Dr. Joycelyn Hill Alabama State dissertation dissertation win is more than an academic honor — it is the foundation of a new educational pathway connecting two historically Black institutions.
Hill, a Valley, Alabama native and double Alabama State University alumna, won the 2026 Dissertation of the Year award in the Qualitative-Based Method track at Alabama State for her doctoral research on Black women leaders working in institutional research, assessment, and accreditation at HBCUs. Her win directly inspired a formal memorandum of understanding between Alabama State and Morris Brown College in Atlanta — where Hill now serves as director of institutional effectiveness — creating a streamlined graduate school pipeline between the two HBCU institutions. That pipeline is already open and accepting students.
A Journey That Started at Alabama State
Hill’s academic story is one of persistence, reinvention, and homecoming.
She graduated from Valley High School in 2009, then earned her bachelor’s degree in psychology and social work from Alabama State in 2013. Moreover, she continued her family’s legacy at ASU — her mother graduated from the university back in 1986. After earning a master’s degree in counseling and psychology from Troy University in 2018, Hill found herself working at the Alabama State Bar and contemplating law school.
Then, someone gave her advice that changed her trajectory entirely. Rather than starting over in a new field, she was encouraged to build higher in the one she already knew. As a result, she returned to Alabama State in 2022 to pursue her doctorate in educational leadership, policy, and law — completing the degree online while working full-time in Atlanta.
That return brought Hill full circle. The same institution that shaped her undergraduate years became the place where she produced the most significant academic work of her career.
The Research That Won the Award
Hill’s dissertation focused on the lived experiences of Black women working in institutional research, assessment, and accreditation at HBCUs — a subject that grew directly from her own professional life.
The research was both personal and urgent. Black women in higher education administration often navigate spaces with little formal research documenting their experiences. Furthermore, institutional research and accreditation roles sit at the structural heart of what keeps an HBCU functioning and compliant. Hill’s work shed light on the people doing that critical work while largely operating out of the public eye.
Her dissertation earned the Dissertation of the Year recognition in the Qualitative-Based Method track at Alabama State University for 2026 — a distinction that validates not just her academic rigor but the importance of the subject matter itself.
Building a Bridge Between Two HBCUs
The most tangible outcome of Hill’s work is the partnership it helped create. Her success at Morris Brown College — combined with her doctoral achievement at Alabama State — positioned her to connect the two institutions in a meaningful way.
The memorandum of understanding between Alabama State and Morris Brown establishes a direct pipeline allowing Morris Brown undergraduates to enroll in Alabama State graduate programs. Many of those courses are offered online, meaning students can stay in Atlanta while earning a graduate degree from a nationally recognized HBCU doctoral program. The pathway gives Morris Brown students access to master’s programs they might not otherwise have been able to pursue.
“I think the program, Alabama State, allows them to get a quality education as well as stay where they want to be and be in the city of Atlanta,” Hill said. “Knowing that they have a community with them at Alabama State University that’s going to support them educationally as well as socially — it helps the students transition between different states for programs. I think it’s just the start of something very new and very transformative.”

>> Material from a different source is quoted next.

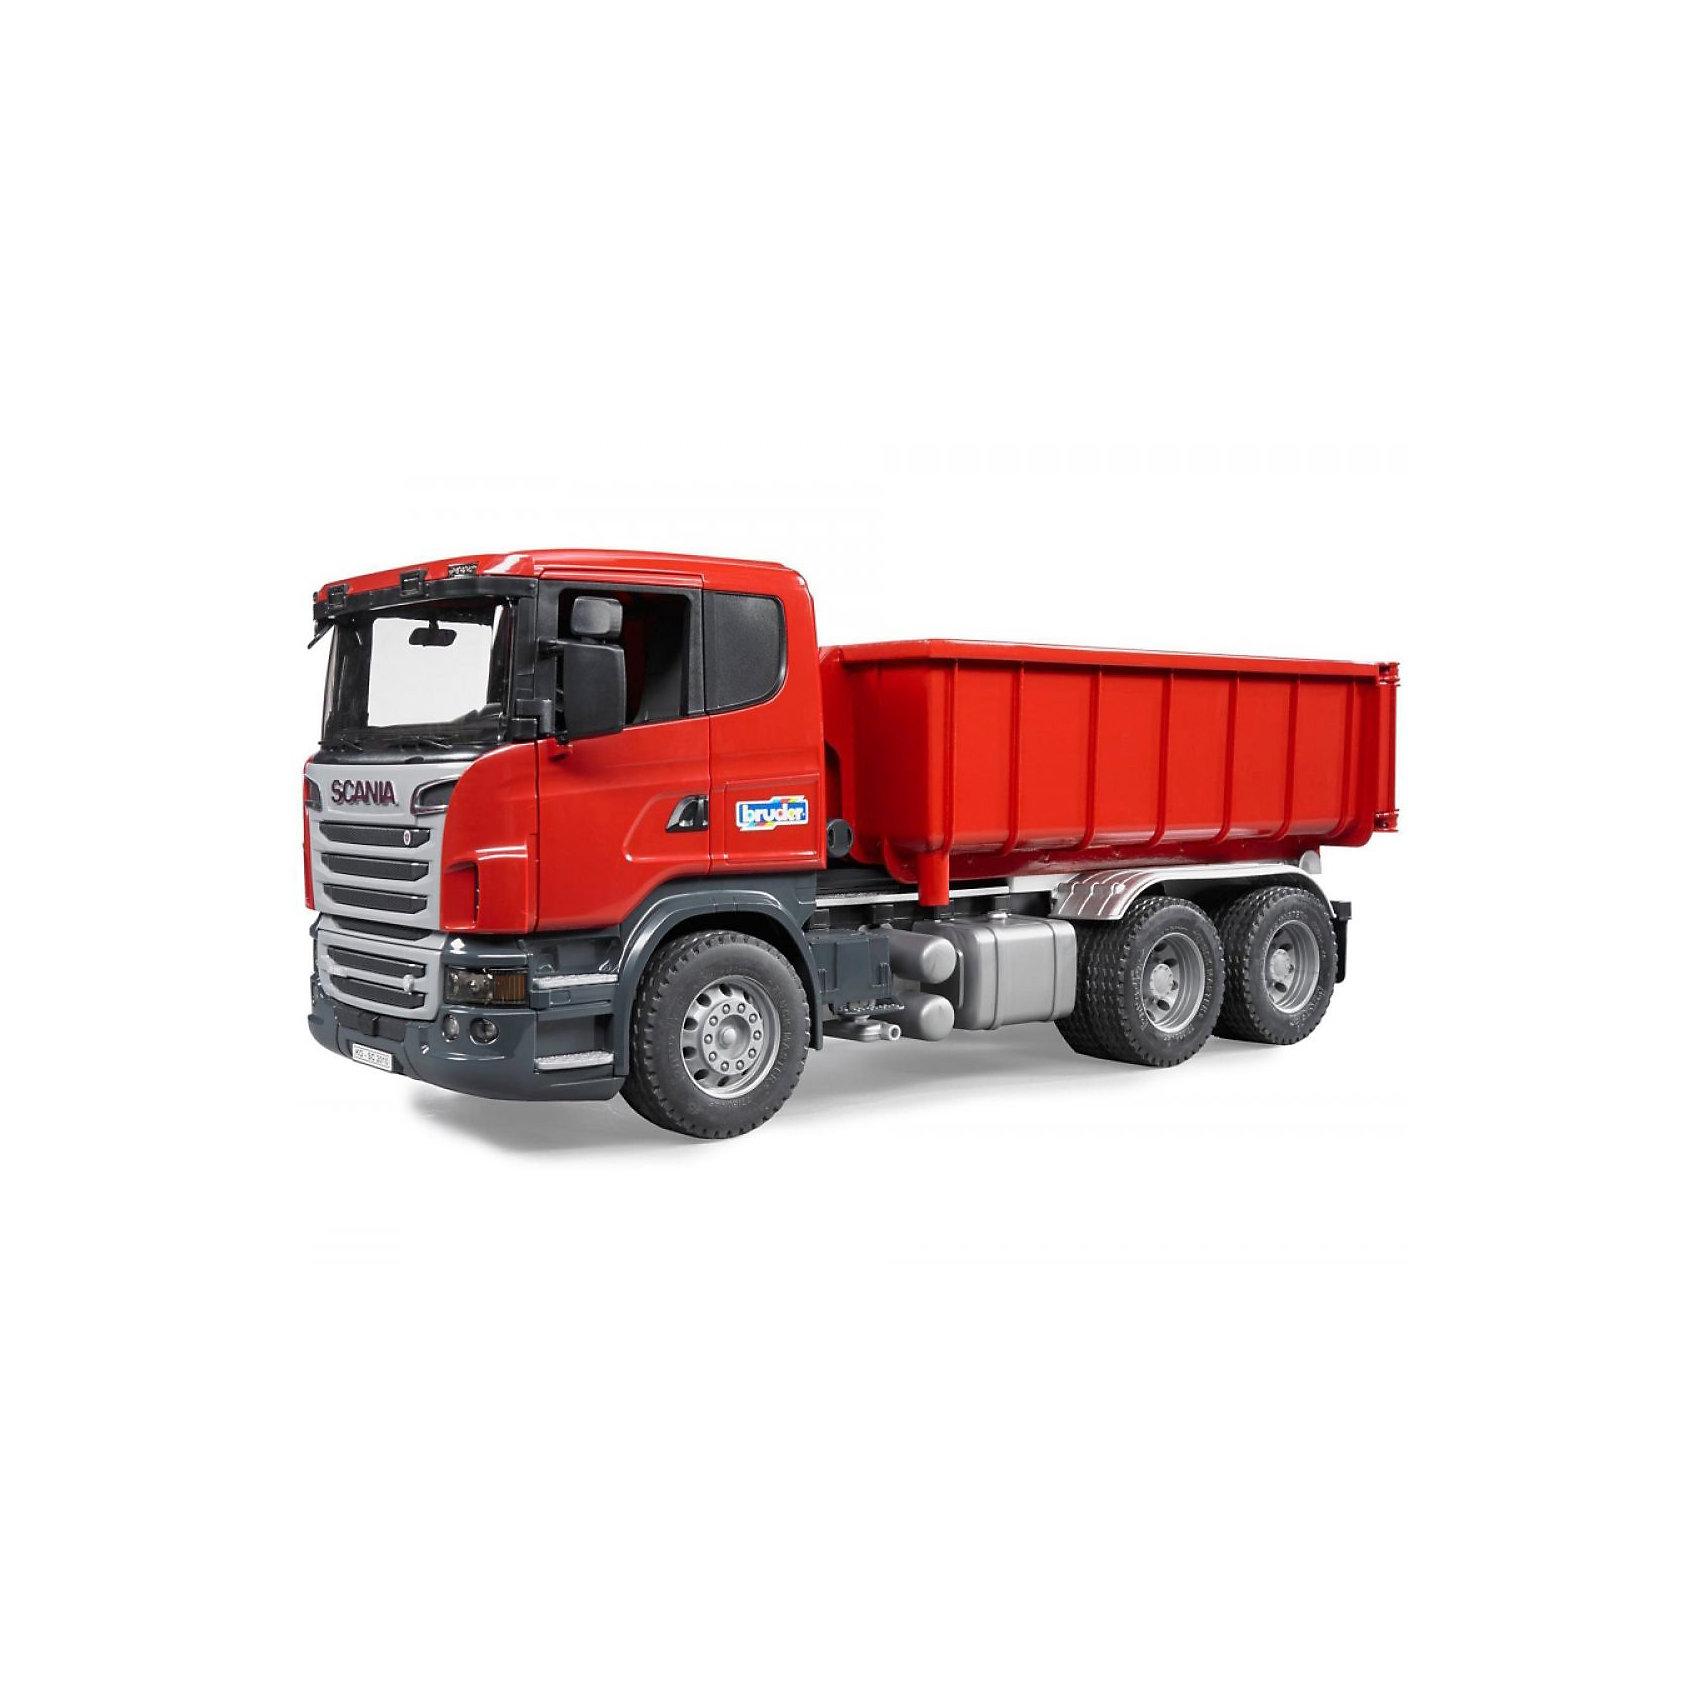 Bruder Самосвал-контейнеровоз Scania, Bruder машины bruder лесовоз scania с портативным краном и брёвнами

Why This Partnership Matters for HBCU Education
For the HBCU community, this kind of inter-institutional partnership represents exactly the kind of collaboration that strengthens the ecosystem as a whole. Morris Brown has spent the last several years rebuilding after losing and regaining accreditation. Alabama State brings a robust doctoral program with a 100% employment rate for graduates within six months of completing their degrees. Together, they offer something neither could build alone.
“Bridging the gap is why this partnership is so important,” Hill said. “It eliminates barriers. It demonstrates the impact of creating clear pathways for Morris Brown students to continue their educational journeys.”
Additionally, the partnership carries a personal dimension that makes it more than a bureaucratic agreement. Hill is a product of both worlds — an ASU alumna now serving Morris Brown. Her dissertation examined the very kind of leadership work she does every day. Consequently, the pipeline she helped build is not a theoretical construct. It is a direct extension of her own story.
A Valley Girl Who Never Forgot Home
Throughout all of it, Hill has remained grounded in where she started. She credits her hometown of Valley, Alabama for shaping everything she became professionally.
“It shaped me in every single way,” Hill said. “I always come home. Everything that I started with in Valley made me the professional that I am, so I can’t ever forget Valley.”
That rootedness — combined with academic excellence, professional impact, and a commitment to building pathways for others — makes Dr. Joycelyn Hill’s story one worth telling across every HBCU campus in the country.